Capture the Moment: High-speed Imaging with Spiking Cameras through Short-term Plasticity

• Published in: IEEE transactions on pattern analysis and machine intelligence Vol. 45; no. 7; pp. 1 - 16
• Main Authors: Zheng, Yajing, Zheng, Lingxiao, Yu, Zhaofei, Huang, Tiejun, Wang, Song
• Format: Journal Article
• Language: English
• Published: United States IEEE 01.07.2023; The Institute of Electrical and Electronics Engineers, Inc. (IEEE)

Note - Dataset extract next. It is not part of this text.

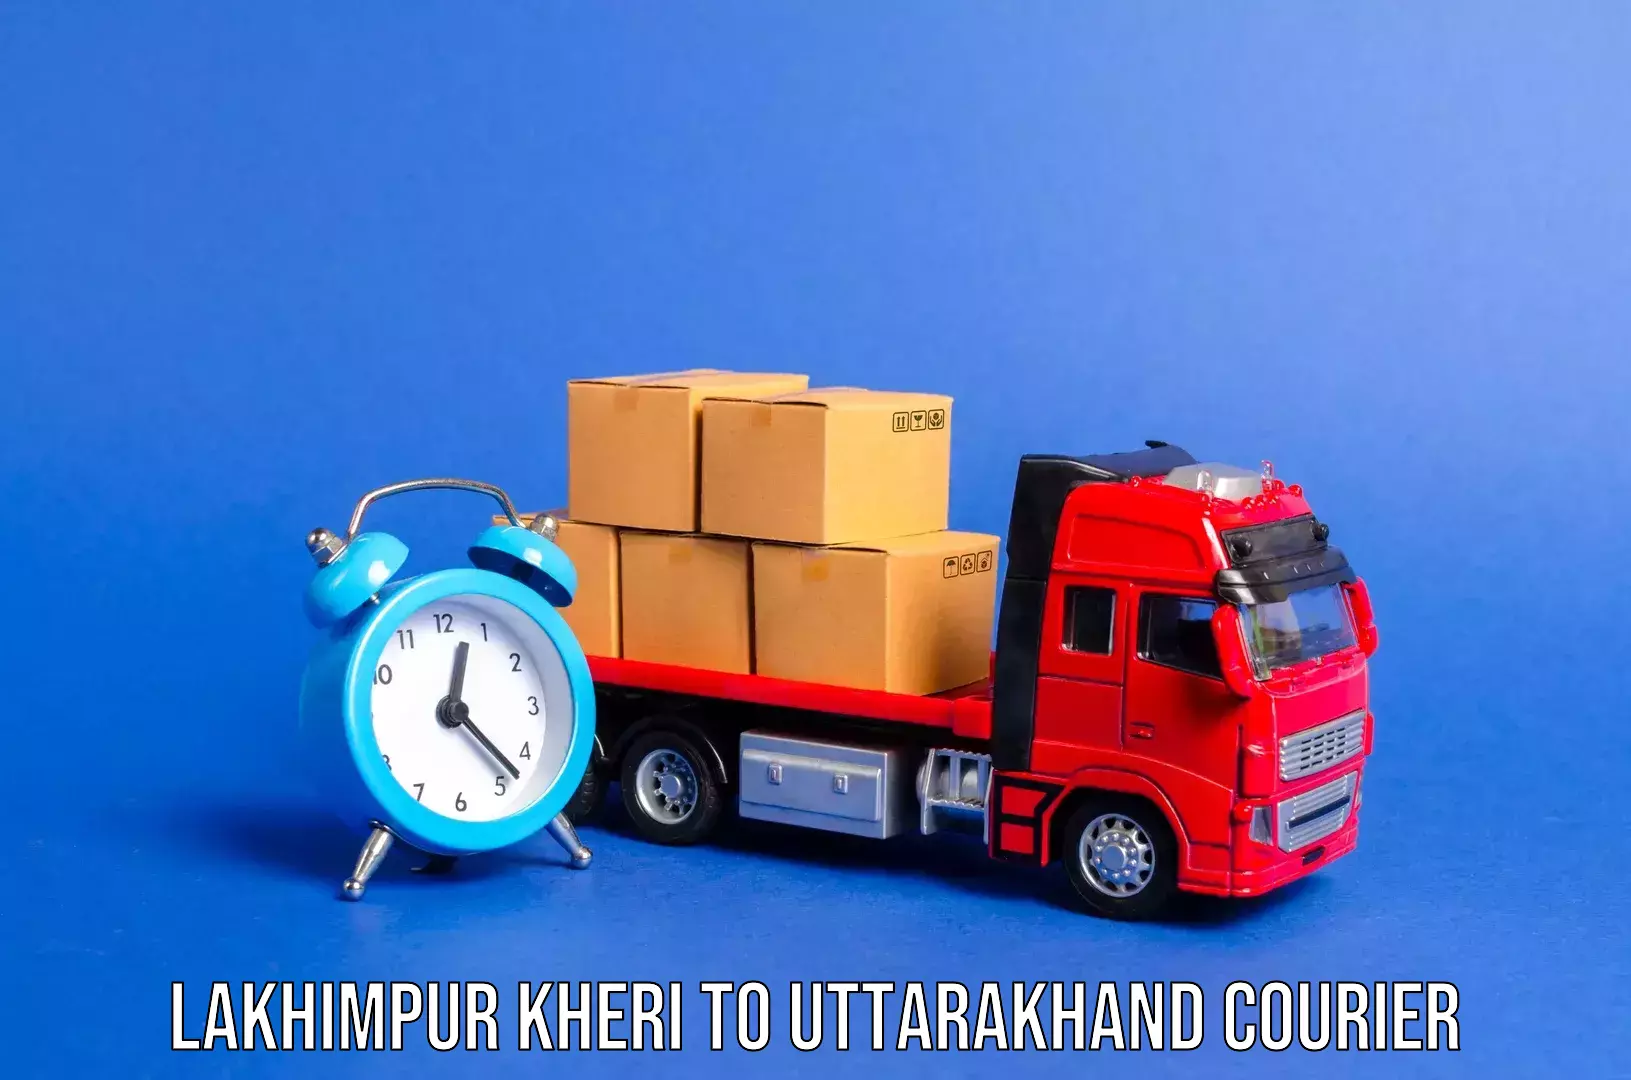 Luggage shipment specialists Lakhimpur Kheri to Udham Singh Nagar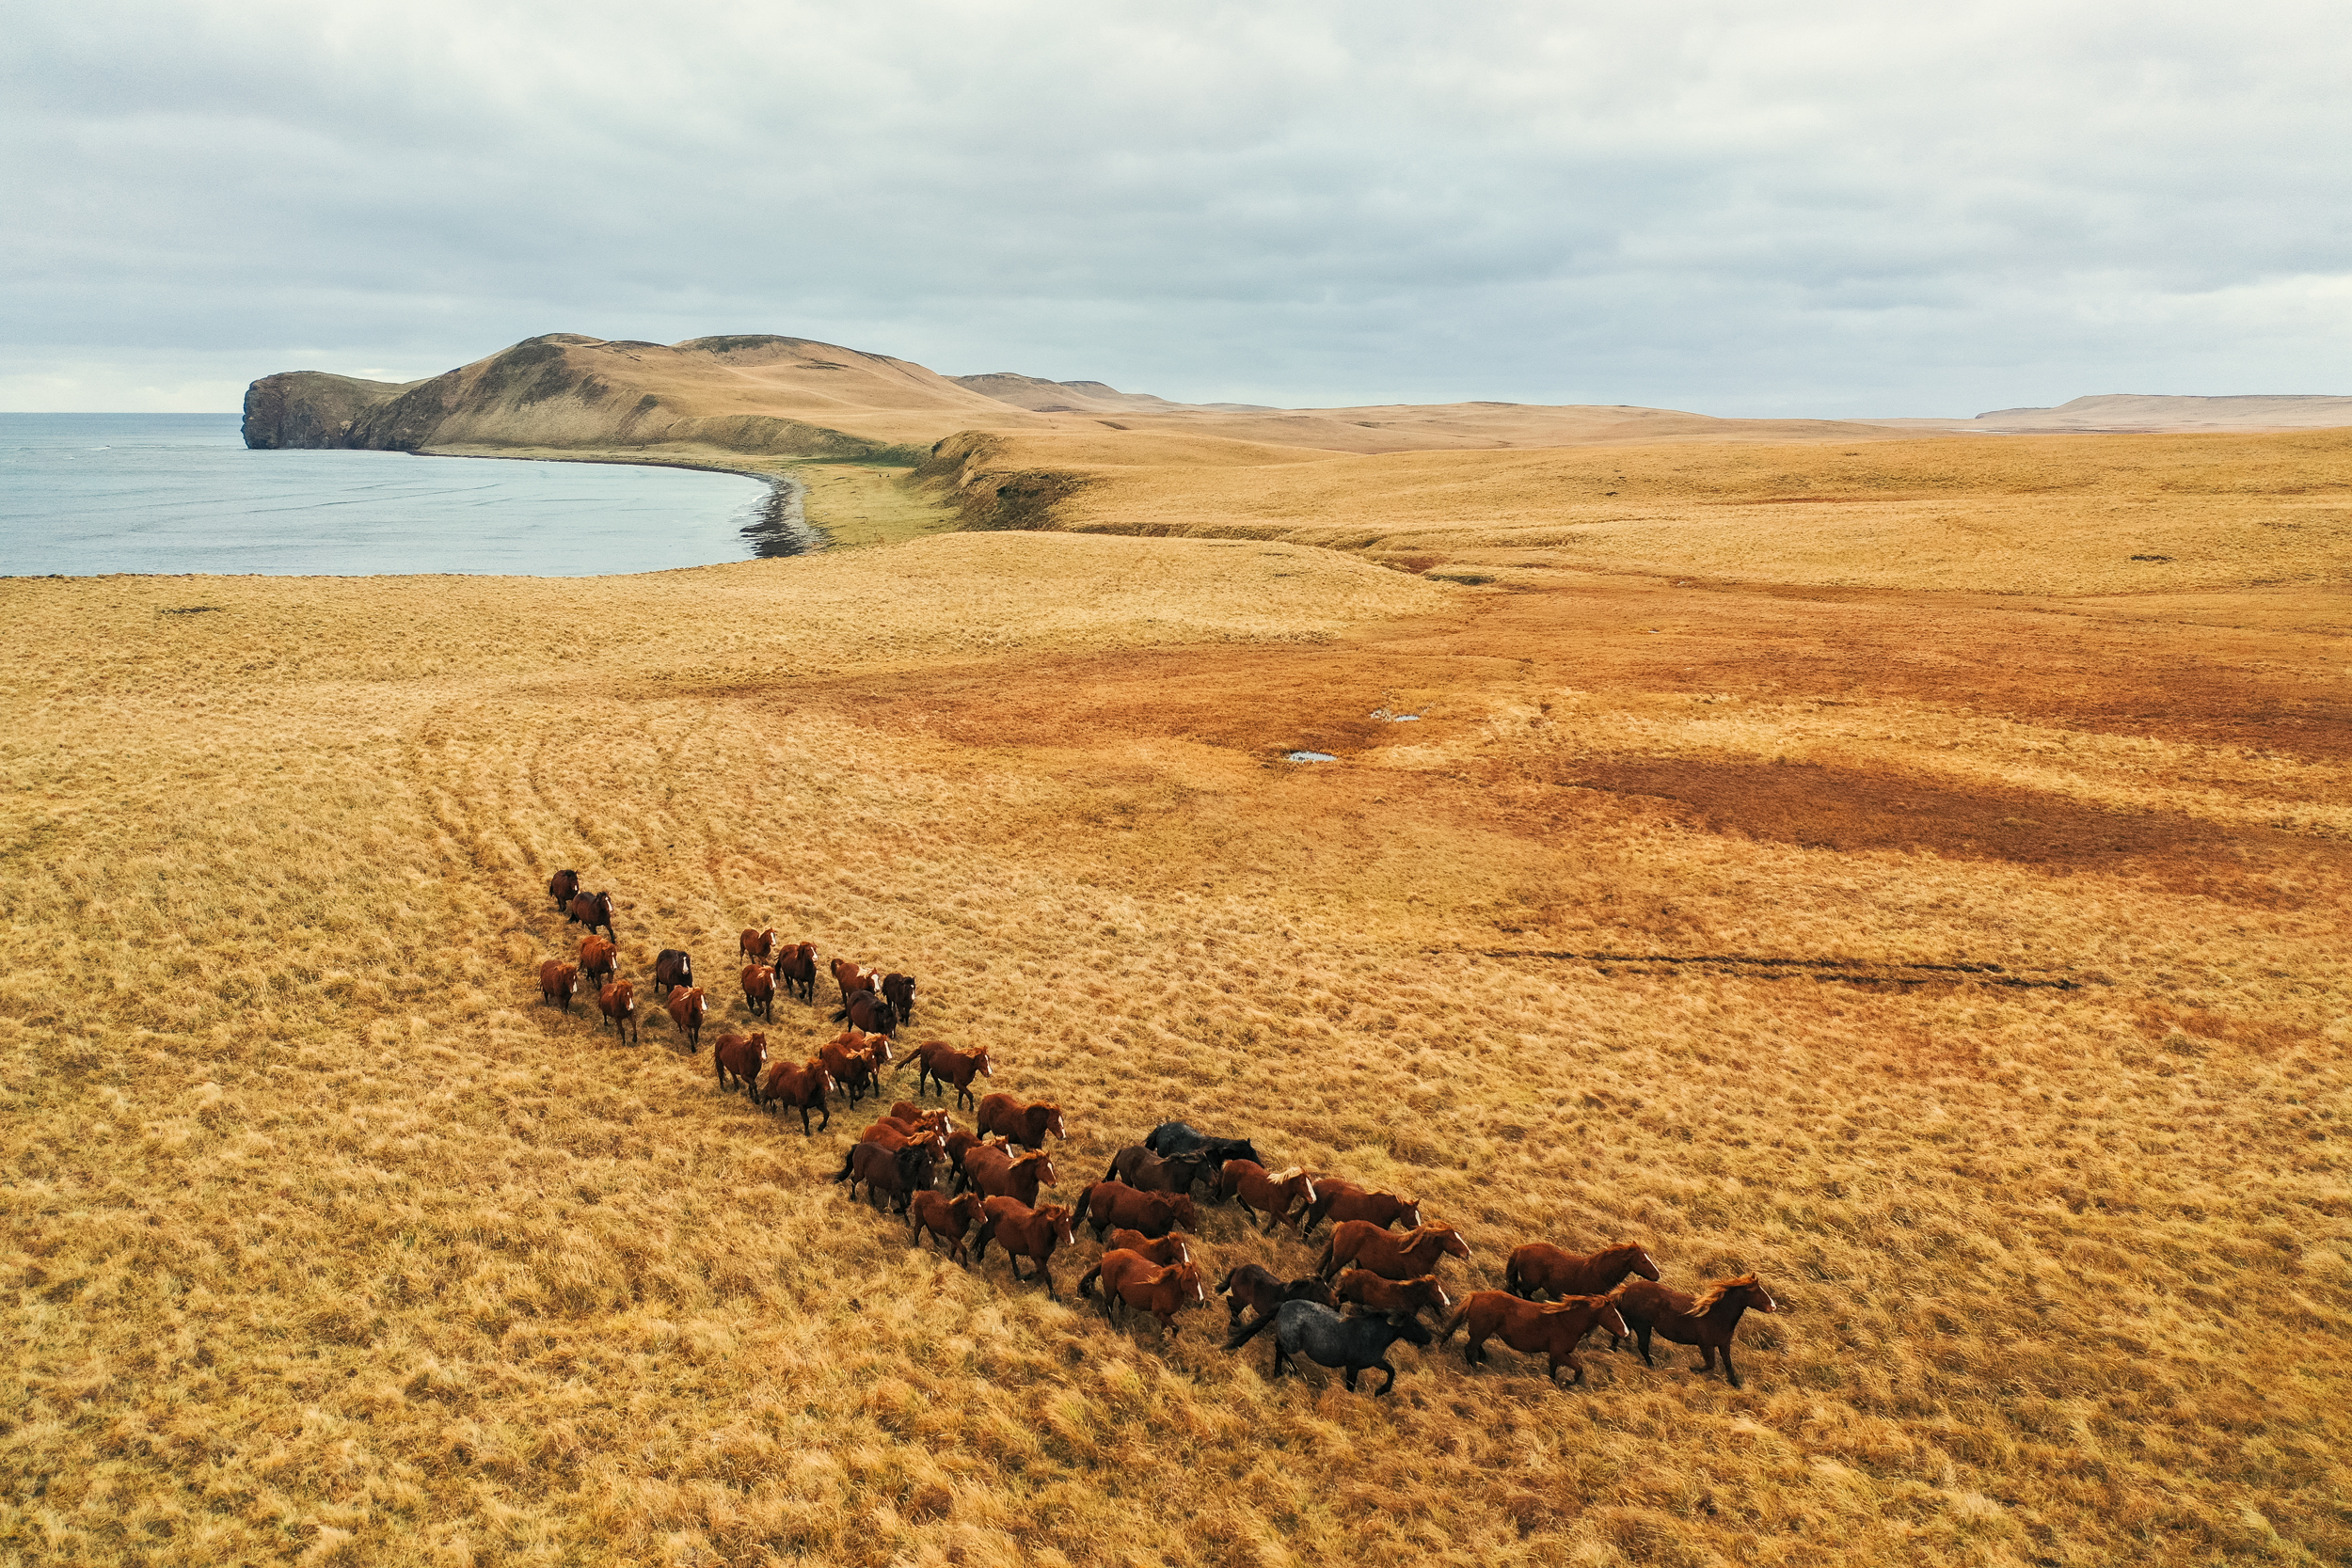 Wild horses in the Aleutian Islands, shot by Chris Burkard on a Roark surf trip

• Subjects: Cameras; Computing time; Error correction; Firing; High speed; High-speed Reconstruction; Image reconstruction; Low latency communication; Motion-dependent; Noise reduction; Plastic properties; Reconstruction algorithms; Short-term Plasticity; Spiking; Spiking Cameras; Streaming media; Vision sensors
• ISSN: 0162-8828; 1939-3539; 2160-9292
• DOI: 10.1109/TPAMI.2023.3237856

High-speed imaging can help us understand some phenomena that our eyes cannot capture fast enough. Although ultra-fast frame-based cameras (e.g., Phantom) can record millions of fps at reduced resolution, are too expensive to be widely used. Recently, a retina-inspired vision sensor, spiking camera, has been developed to record external information at 40, 000 Hz. The spiking camera uses the asynchronous binary spike streams to represent visual information. Despite this, how to reconstruct dynamic scenes from asynchronous spikes remains challenging. In this paper, we introduce novel high-speed image reconstruction models based on the short-term plasticity (STP) mechanism of the brain, termed TFSTP and TFMDSTP. We first derive the relationship between states of STP and spike patterns. Then, in TFSTP, by setting up the STP model at each pixel, the scene radiance can be inferred by the states of the models. In TFMDSTP, we use the STP to distinguish the moving and stationary regions, and then use two sets of STP models to reconstruct them respectively. In addition, we present a strategy for correcting error spikes. Experimental results show that the STP-based reconstruction methods can effectively reduce noise with less computing time, and achieve best the performances on both real-world and simulated datasets.